▶ _Task to carry out_
The answer must be the full listing, word for word, with no pictures in it.

▶ _Provided data_
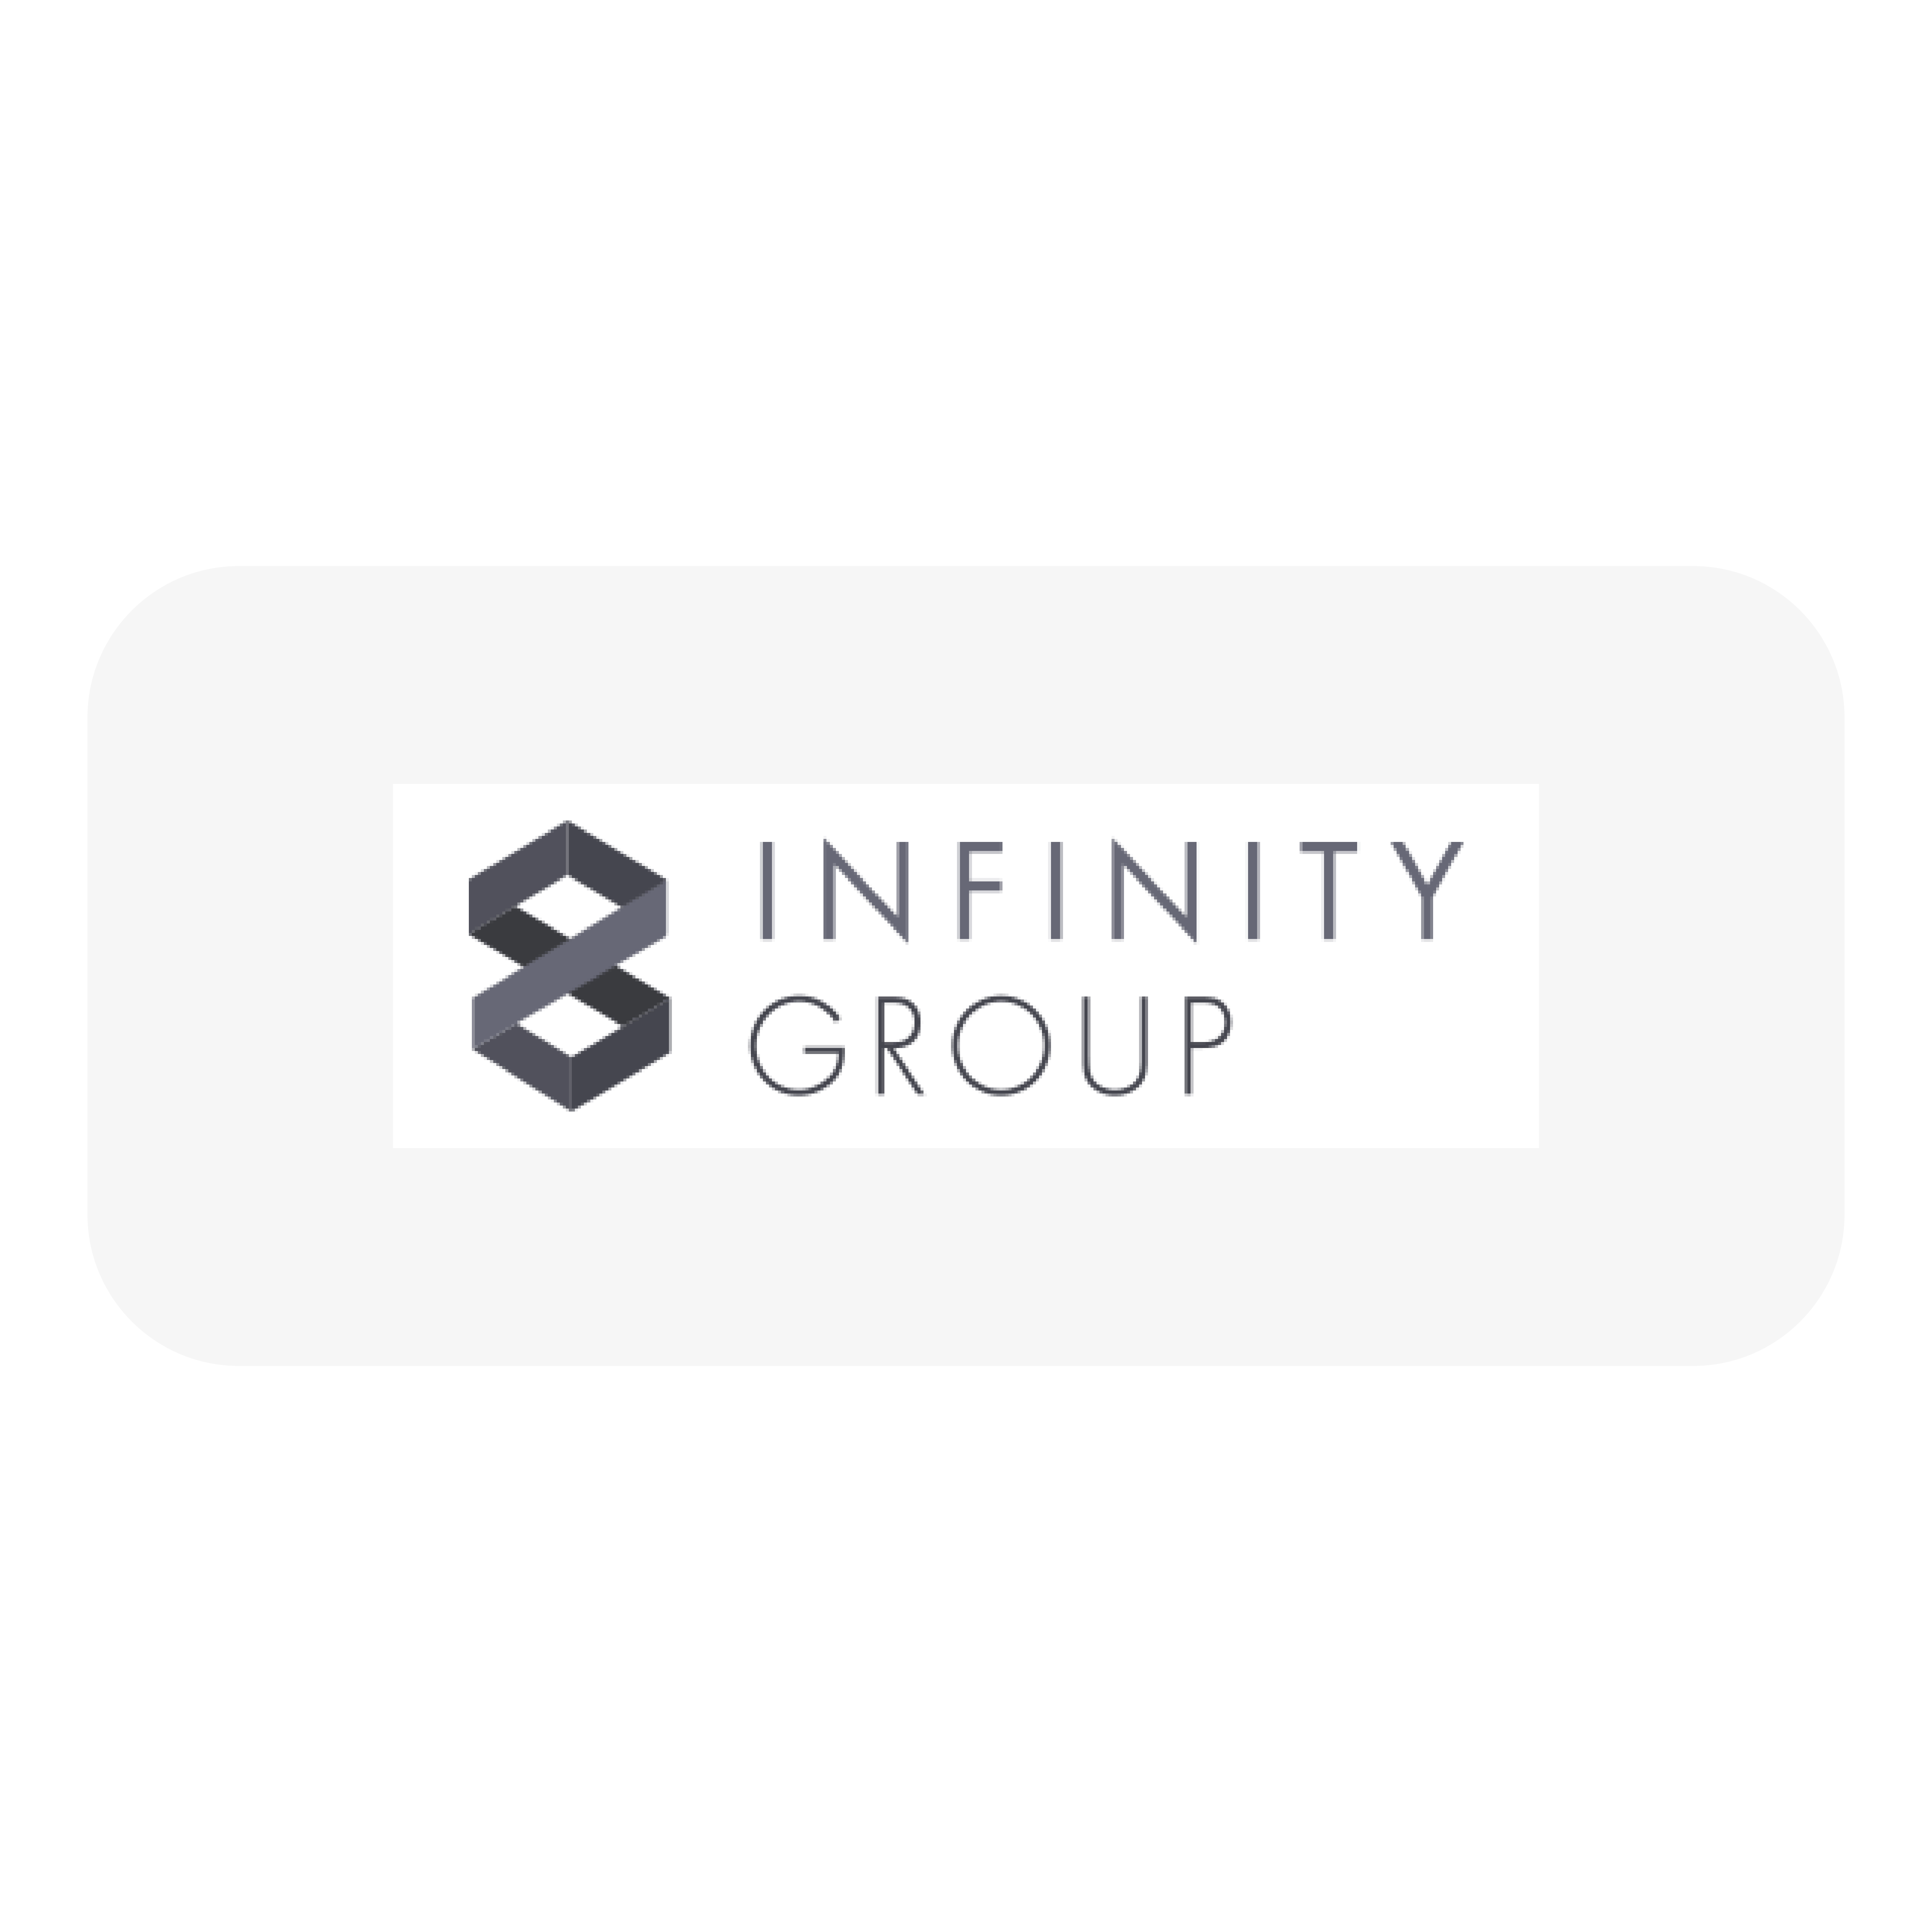 infinity group-01
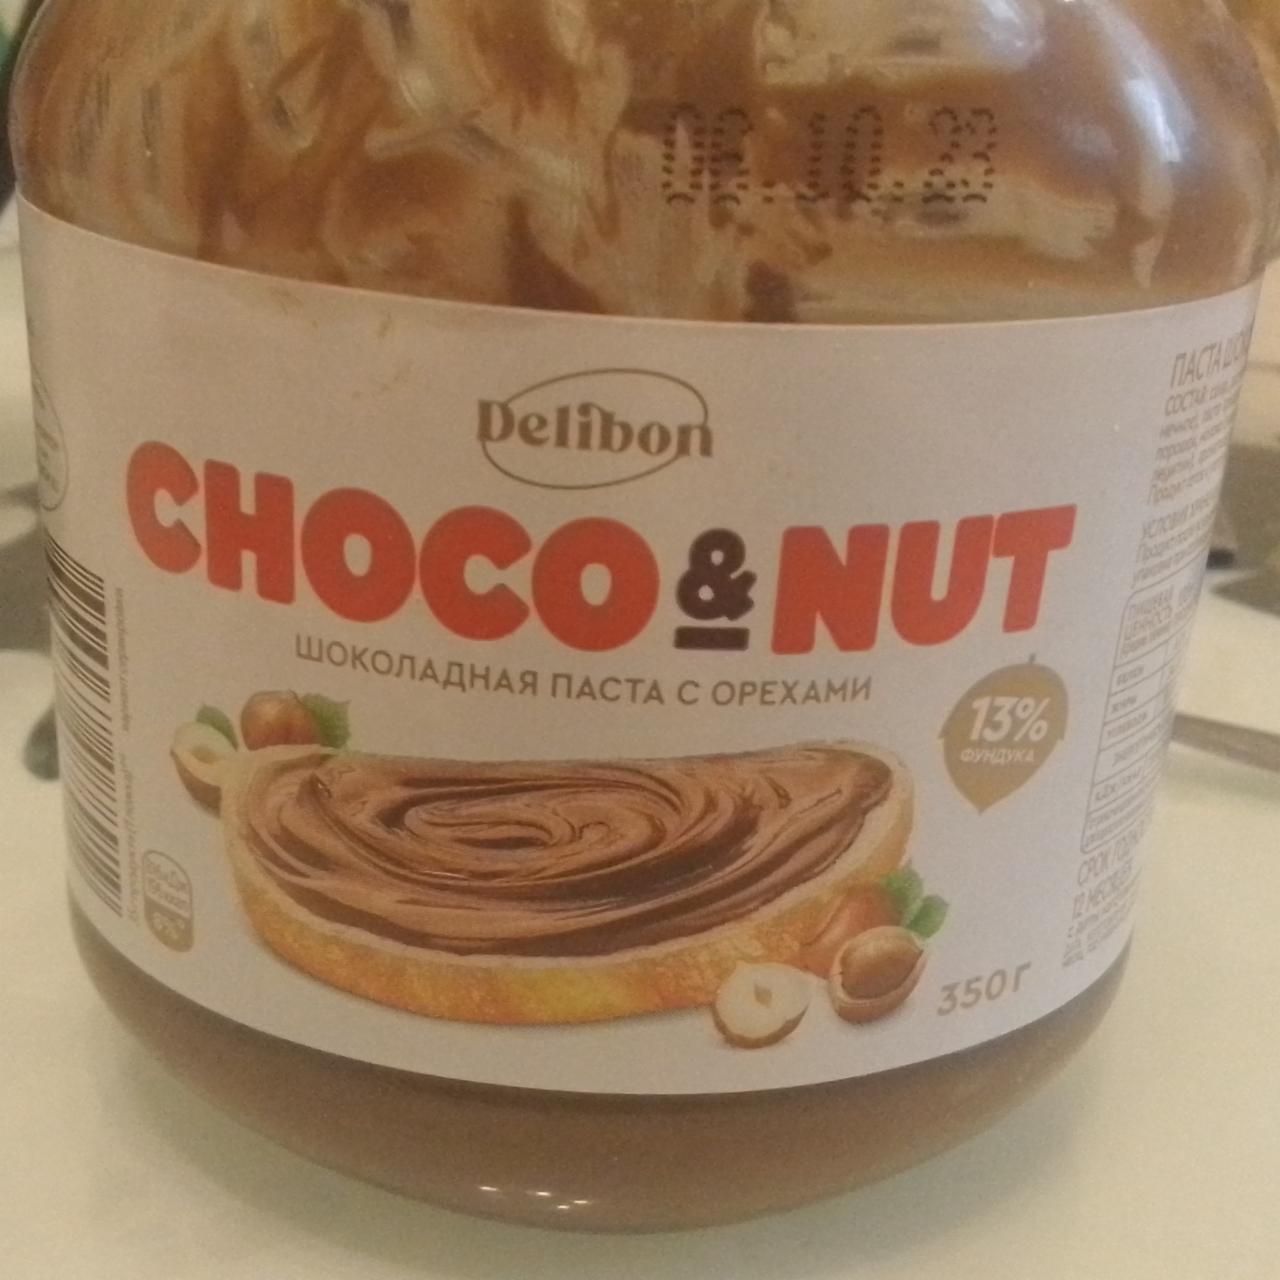 Фото - Шоколадная паста с орехами Choco&nut Delibon
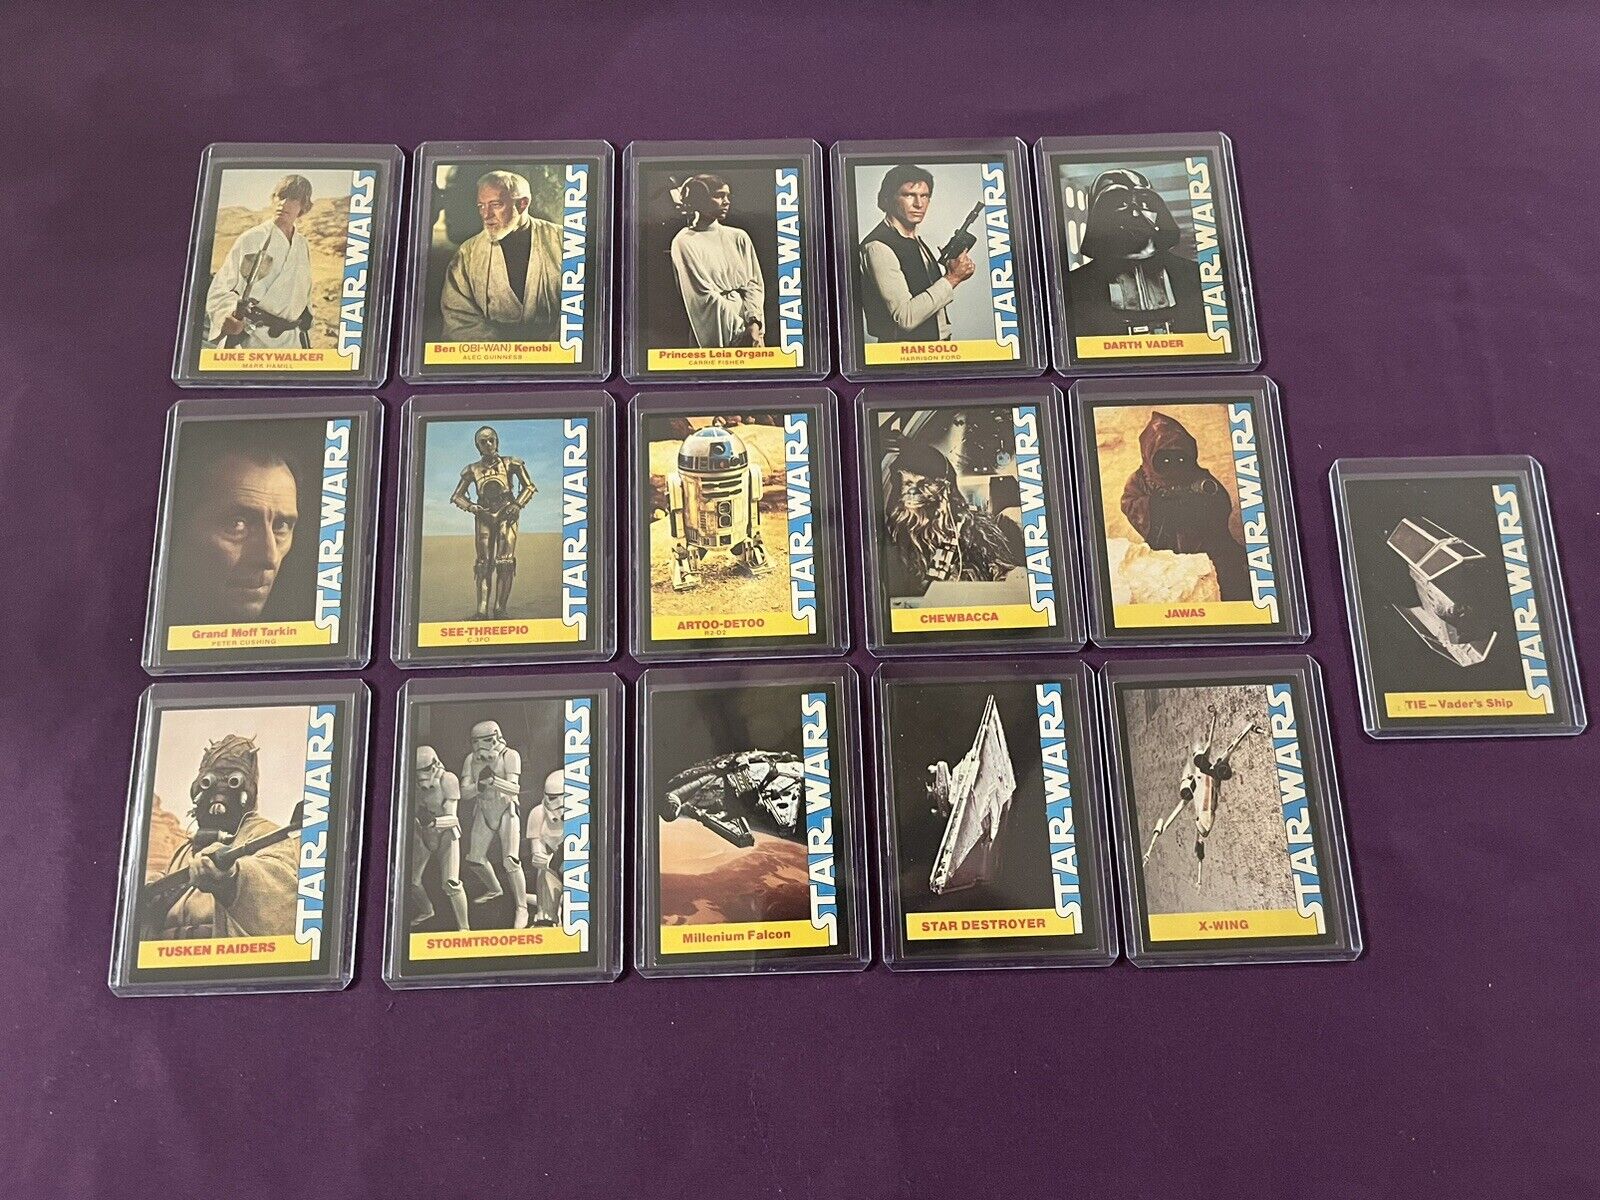 1977 STAR WARS WONDER BREAD COMPLETE SET OF 16 CARDS - EX+

▶ _Reply_
 infinity group-01
 Фото - Шоколадная паста с орехами Choco&nut Delibon
 1977 STAR WARS WONDER BREAD COMPLETE SET OF 16 CARDS - EX+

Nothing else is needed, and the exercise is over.